Hujan deras sedang mengguyur kota J, membuat Defina sedikit lama menunggu taksi yang sedang ia pesan, sekitar 30 menit lamanya ia mondar-mandir di lobi kantor, ingin rasanya ia menghubungi sang suami untuk menjemput, namun ia sadar jika dirinya hanyalah istri nominal.
Kini ia sudah setengah jam lebih berlalu, iapun semakin uring-uringan. "Gimana ini, aku bisa kena marah sama suami ku," gumamnya sambil mengelus dada mencoba meredamkan perasaan cemas yang sedang melanda dirinya.
Pasrah dengan keadaan, akhirnya ia kini duduk termenung sambil menopang dagu, menoleh kiri dan kanan, moga-moga taksi yang pesan muncul segera.
"Fin...." panggil seorang pria dengan badan tegak tinggi dan setelan jas press di badan, outfit yang sangat keren, tapi jangan harap Defina akan tergiur dengan pria dihadapannya itu. Yah...pria itu adalah manager Defina, sedang posisi Defina adalah Staf bagian penanggung jawab pemasaran.
Defina langsung menoleh ke arah sumber suara datang, meski terasa enggang meladeni, namun Defina harus menghargai, secara yang manggil adalah bos dari bagian marketing yang merupakan atasan langsung dirinya.
"Sial" umpatnya dalam hati. Bicara dengannya sama saja cari masalah secara pria ini adalah saingan berat sang suami dalam bisnis.
"Mau pulang bareng?, sekefo aja jika jalur barat ada pohon tumbang, kemungkinan besar taksi yang kamu pesan menjadi salah satu kendaraan yang terjebak di sana." Jelasnya panjang lebar.
Aku melihatnya dengan serius mendengar info yang barusan ia sampaikan, ada senyum licik terlukis dari wajahnya, "Dasar buaya, pandainya ia membuat alibi, agar aku terjebak dengannya." celetukku meski ia masih dihadapan ku sekarang.
"Tak percaya, nih liat dengan mata kepala sendiri, biar otak kamu jernih dari pikiran menuduh." Cukup terkejut saat aku melihat sendiri berita tersebut yang mungkin sudah beredar ramai di medsos, secara jaman sekarang gak butuh sedetik aja semua udah viral di mana-mana.

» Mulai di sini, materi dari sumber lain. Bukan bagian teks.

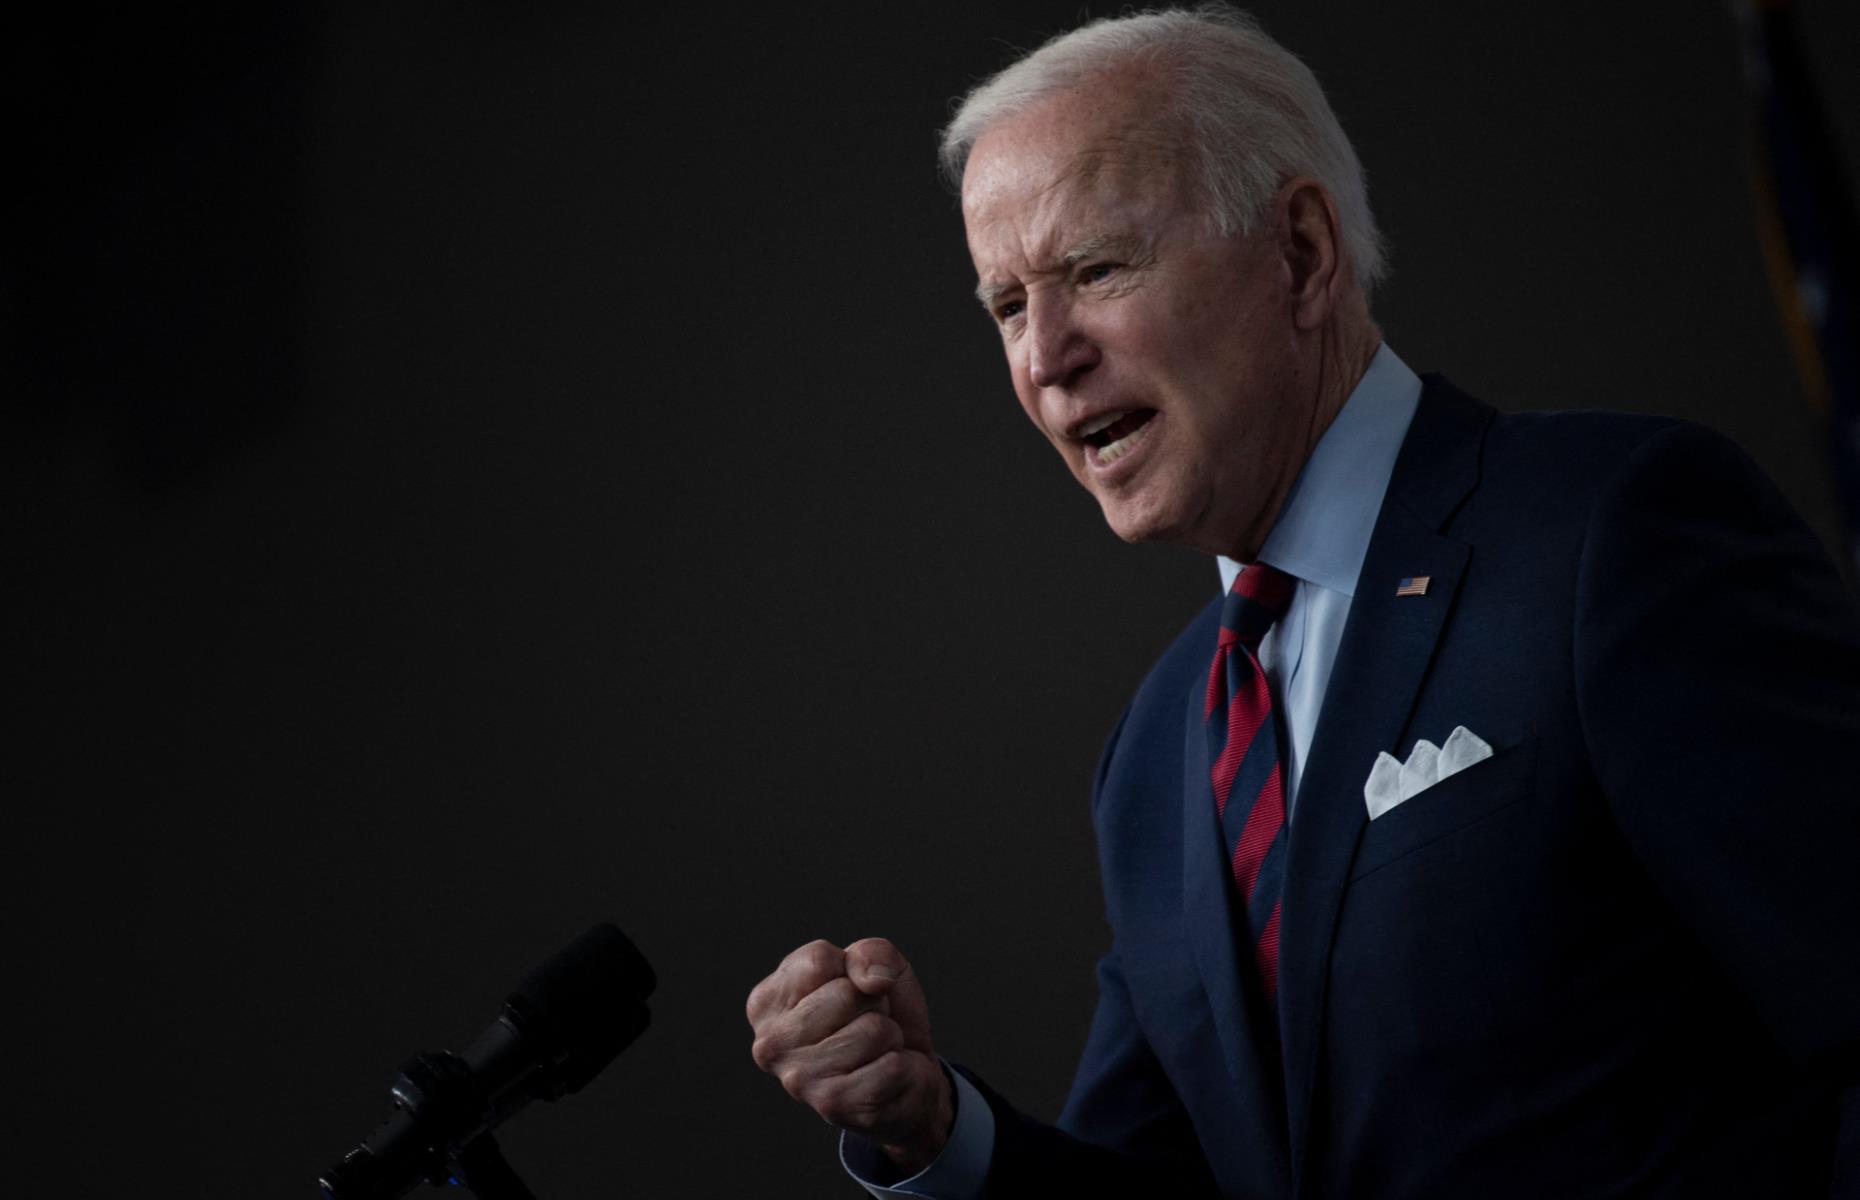 Biden is set to raise taxes for the rich
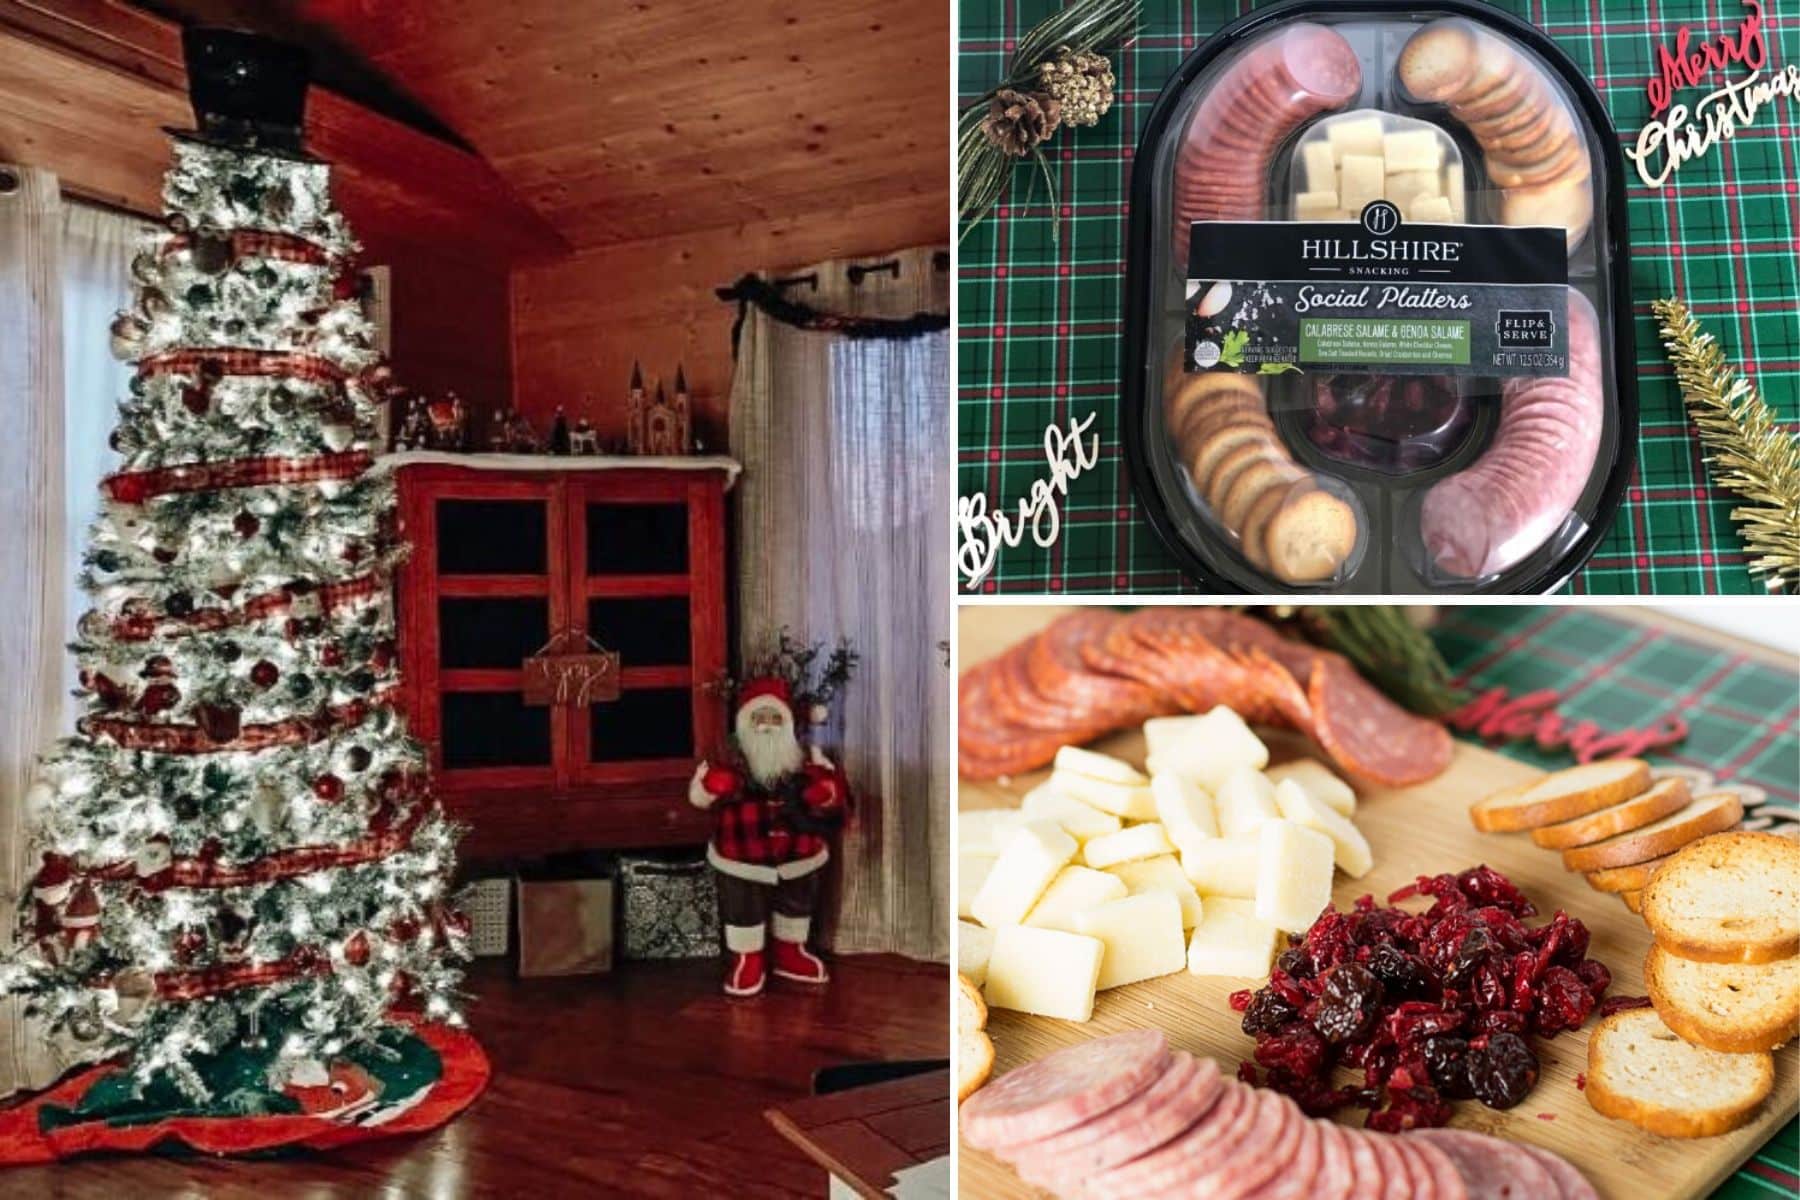 collage of home decorated for Christmas and the Hillshire Snacking Social Platters

Terdiam untuk sesaat, aku berpikir tak mungkin aku menghubungi suami ku untuk menjemput sedang perjalanan yang ditempuh yang merupakan alternatif lain jarak tempuh hampir dia kali lipat. " Kelamaan mikir, ayo cepetan, sebelum aku berubah pikiran." sambil menarik tangan ku dan berjalan kearah area parkir. Aku terpaksa ngikut saja, menimbang tak ada pilihan lain.
"Kenapa sih, mikir lama ?, dia itu playboy jangan terlalu setia jadi istri entar diselingkuhin baru tau rasa." ucapannya ngalir begitu saja, tanpa filter ataupun basa basi.
Risih, resah, cemas, jengkel, semua campur aduk, andai ada pilihan lain saat ini, ogah amat aku sekarang nebeng dengannya. Bilangnya suamiku playboy, dia lupa predikat yang tersematkan padanya, "sesama playboy dilarang sok nasehatin, ngaca dulu sana, baru bilangin orang." balas ku tanpa ampun.
"Hahaha..." malah tertawa lebar, tepat dihadapan ku.
"Naif bangat jadi istri" lanjutnya kelewat santuy.
"Mas, niat amat sih jelekin orang," balas ku sedikit emosi.
"Bukan menjelekkan Fin, tapi mengingatkan...!" jelasnya sekali lagi.
Kami pun terdiam setelah perdebatan yang lumayan menyinggung satu sama lain, aku ingat dulu ia hanyalah karyawan biasa seperti ku, namun karena ia berbakat dengan berbagai ide tentang pemasaran, ia di promosikan menjadi kepala bagian staf marketing dan dalam kurang dari setahun ia mendapatkan promosi lagi sebagai penghargaan atas prestasinya yang menembus pasar internasional. Jujur aku bangga dengan prestasinya, namun tidak dengan sifat play yang ia miliki dengan alibi sedang penjajakan para gadis demi menemukan bibit, bebet, bobot yang terbaik.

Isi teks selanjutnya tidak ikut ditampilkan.